With their backs against the luxury tax, the Bucks had four key pieces unsigned heading into free agency: Khris Middleton, Brook Lopez, Nikola Mirotic, and Malcolm Brogdon. Eric Bledsoe was also originally supposed to be a free agent, but the Bucks decided to lock him up to a $70 million extension in March.

Brogdon, at age 26, was the youngest player of the group and the one with the most positive momentum in his career after putting together a solid two-way campaign that saw him join the vaunted 50/40/90 club for shooting efficiency. He was also Milwaukee’s best guard in the playoffs, providing an essential shooting threat on the perimeter while being a tough defender and careful ball handler who didn’t make mistakes.

Brogdon never actually had any say in where he would land. As a restricted free agent, the Bucks had the right to match any offer.

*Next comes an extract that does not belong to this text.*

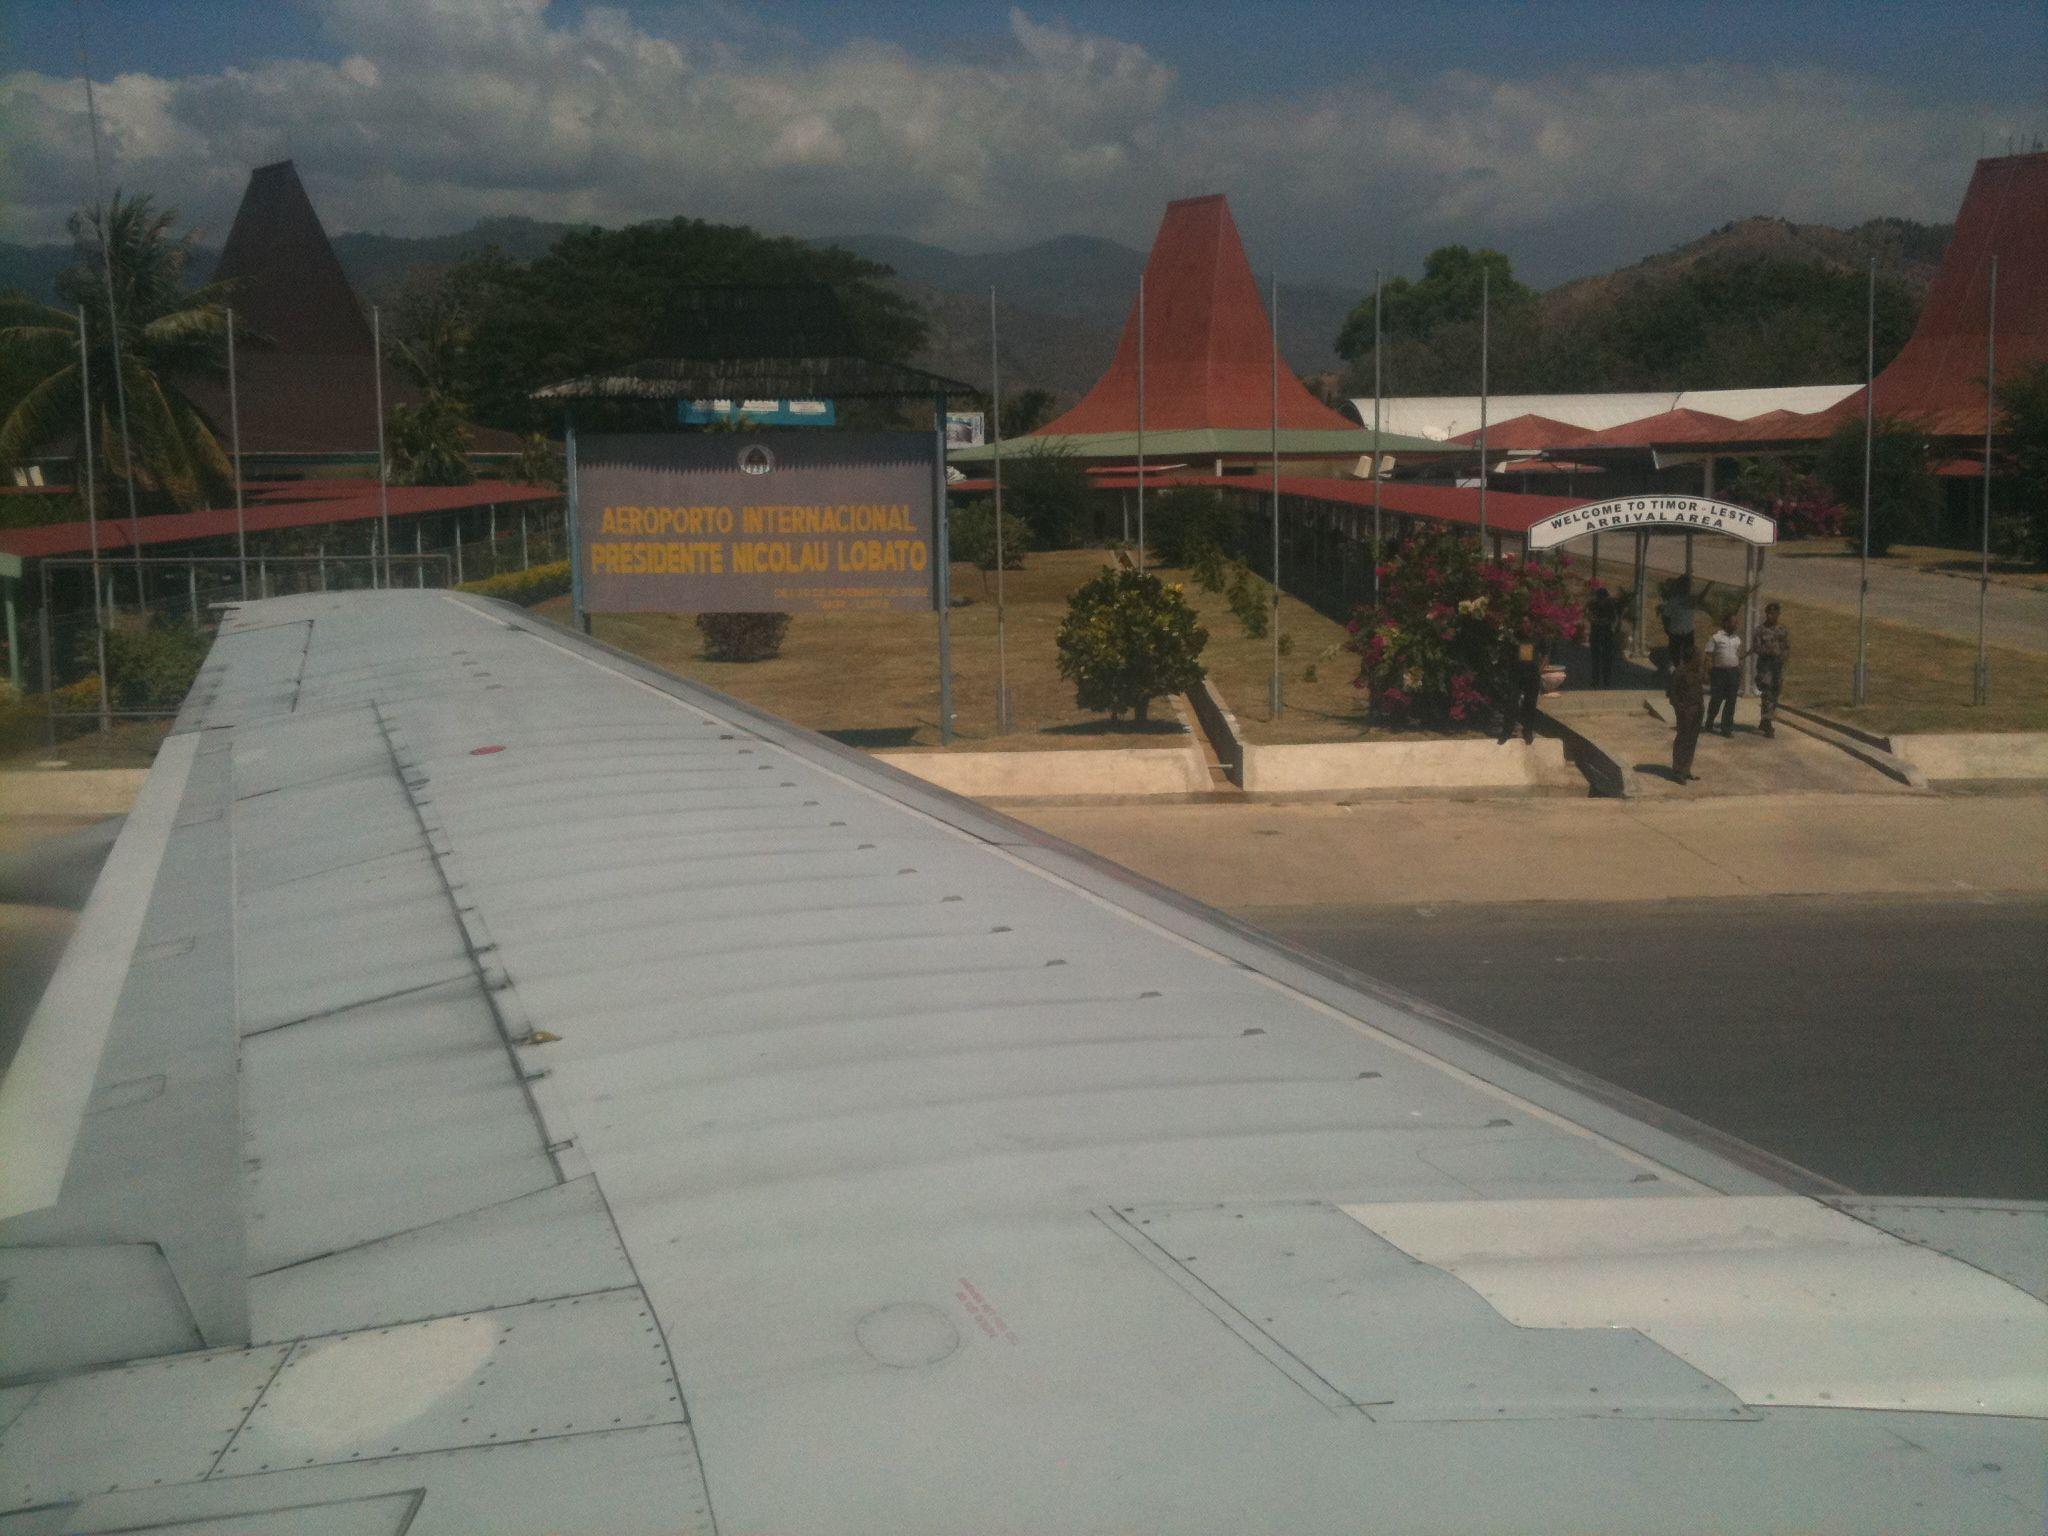 Aeroporto Dili : Timor lorosae east timor dili airport travel voyages pinterest

But when Middleton and Lopez were re-signed, Brogdon suddenly became the odd man out. Milwaukee decided to trade the guard after he had reached a deal with the Indiana Pacers. The Bucks would get Indiana’s lottery protected first round pick in 2020 and two second rounders, while the Brogdon would get a four-year, $85 million contract.

Brogdon is now off to the best start of his career for the Pacers and is having an all-star caliber season. The Bucks are 9-3 and in second place in the Eastern Conference, and will again have an excellent chance to reach the Finals. At the same time, it’s hard to see how Milwaukee is better without Brogdon. It’s fair to wonder if the Bucks’ decision to let him go will have any impact on Antetokounmpo’s free agency decision in the summer of 2021.

Milwaukee letting Bledsoe walk is going to continue to be a talking point that can only be silenced by the Bucks winning the championship. It’s a move with multiple layers.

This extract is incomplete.